START Recorded information

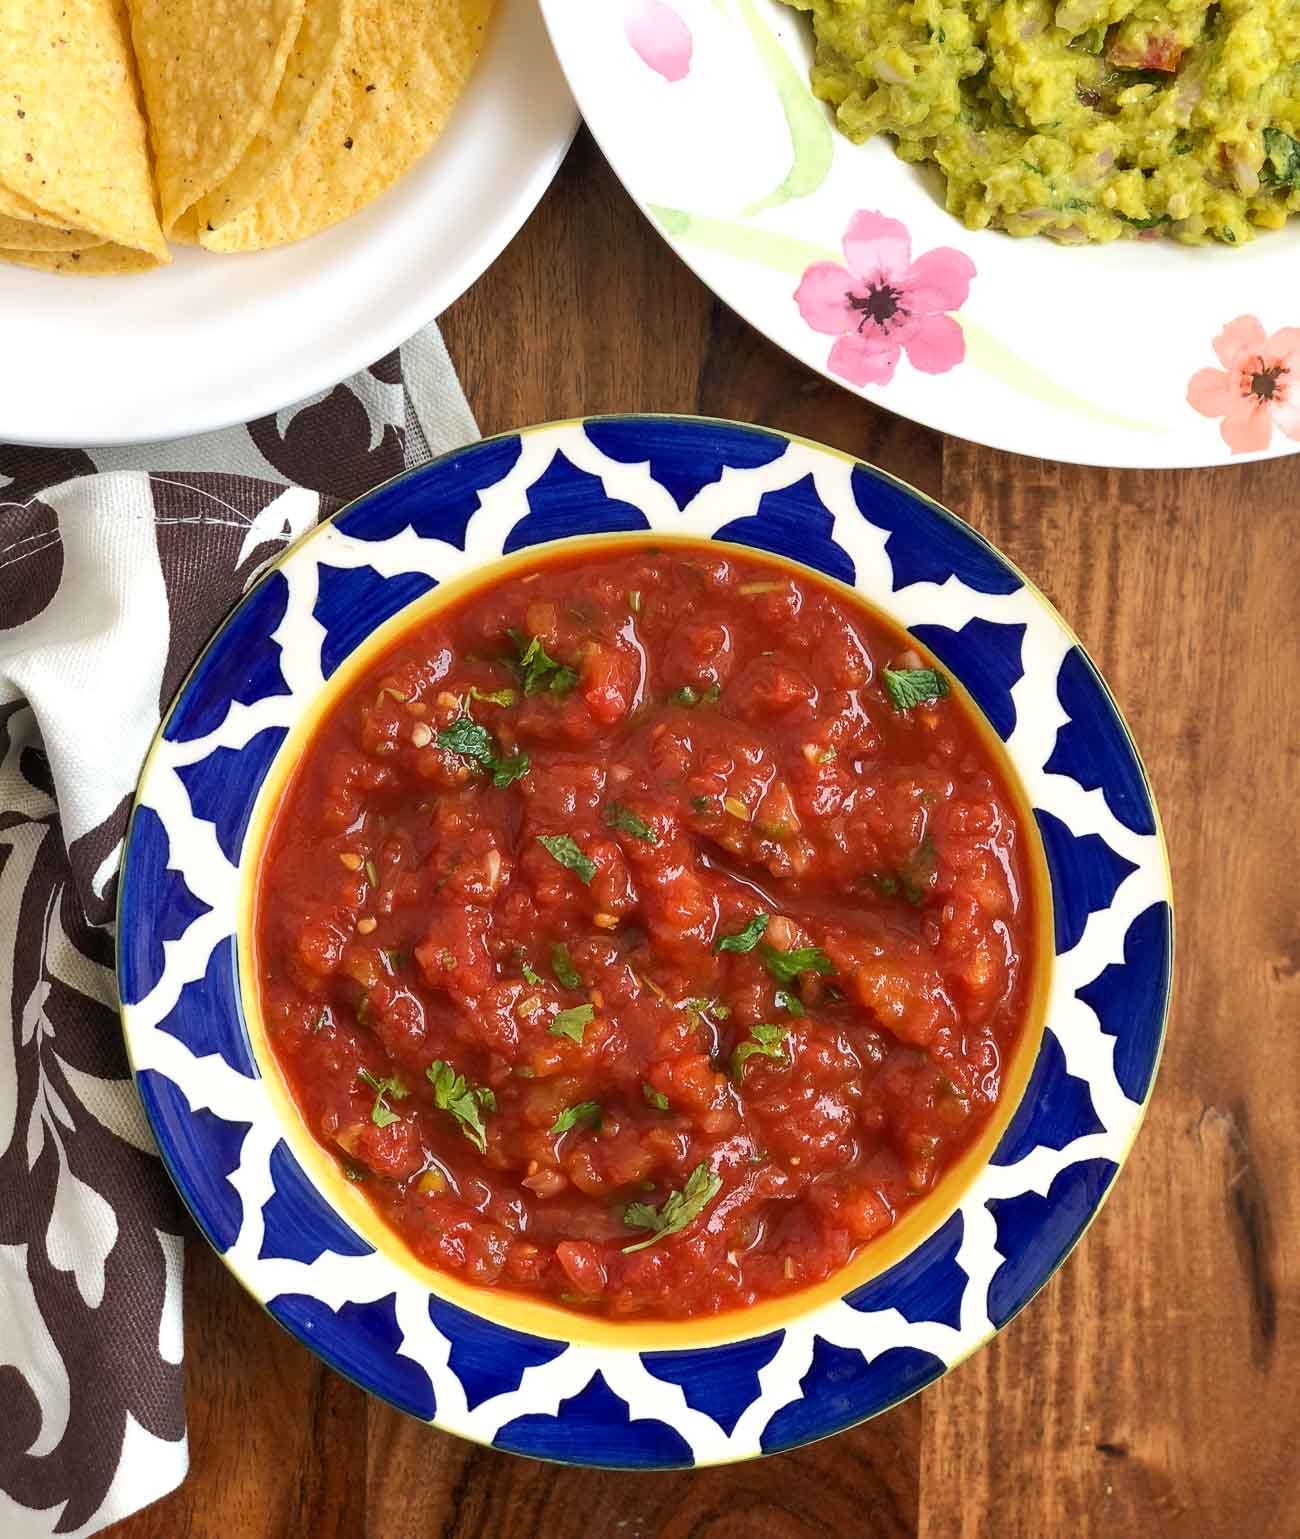 Spicy Mexican Salsa Recipe - Tomato Salsa Recipe
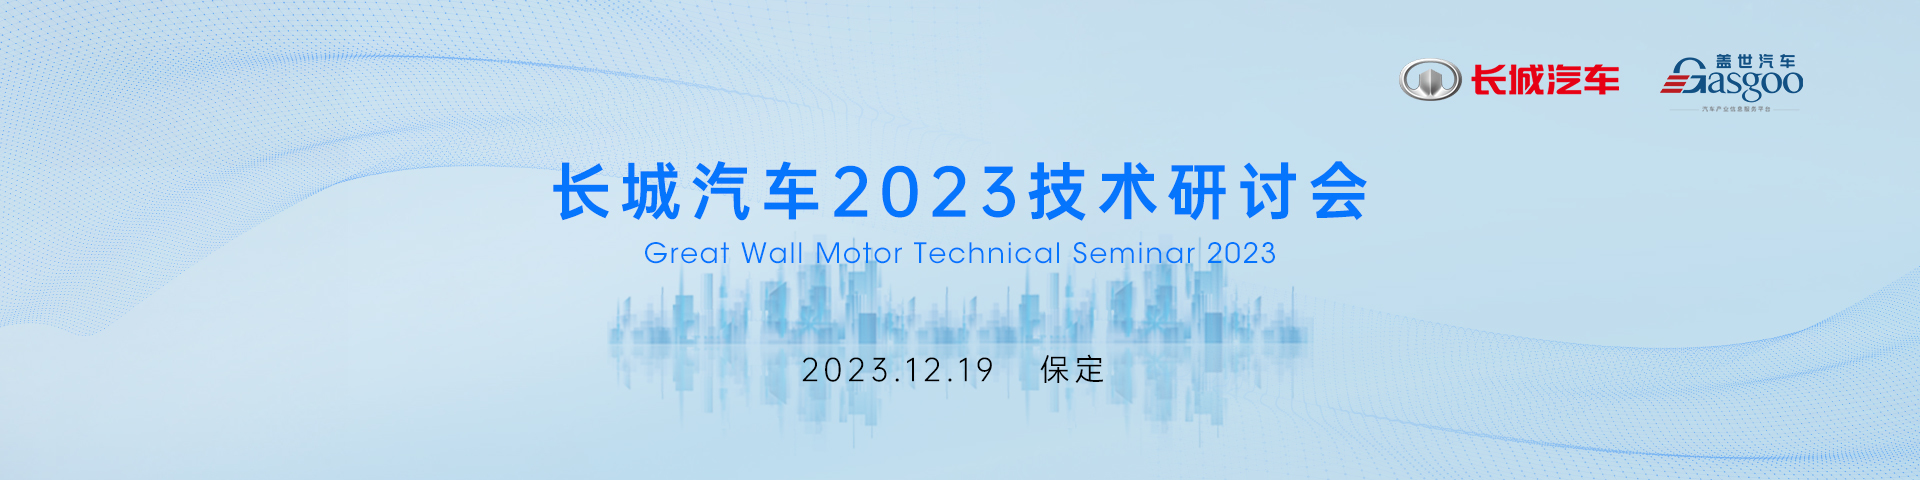 长城汽车2023技术研讨会
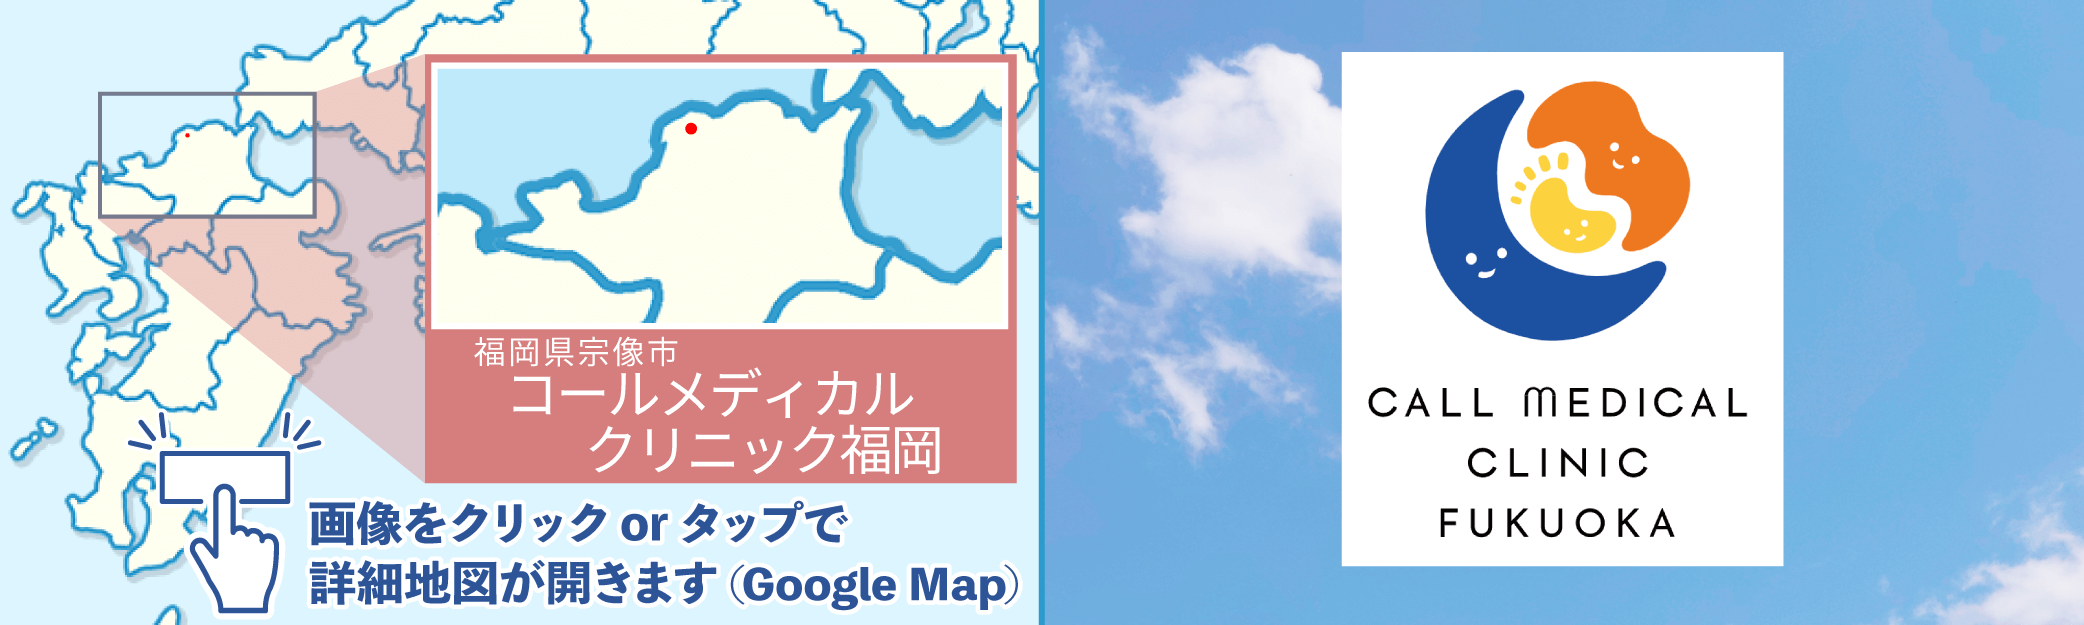 コールメディカルクリニック福岡地図・外観写真※クリックでGoogleMapが開きます

END Recorded information

> **Problem to solve**
Take the line containing "长城汽车2023技术研讨会" through the last line of the material and retype exactly those lines, both ends included, with no pictures.

> **Exercise response**
 长城汽车2023技术研讨会
 コールメディカルクリニック福岡地図・外観写真※クリックでGoogleMapが開きます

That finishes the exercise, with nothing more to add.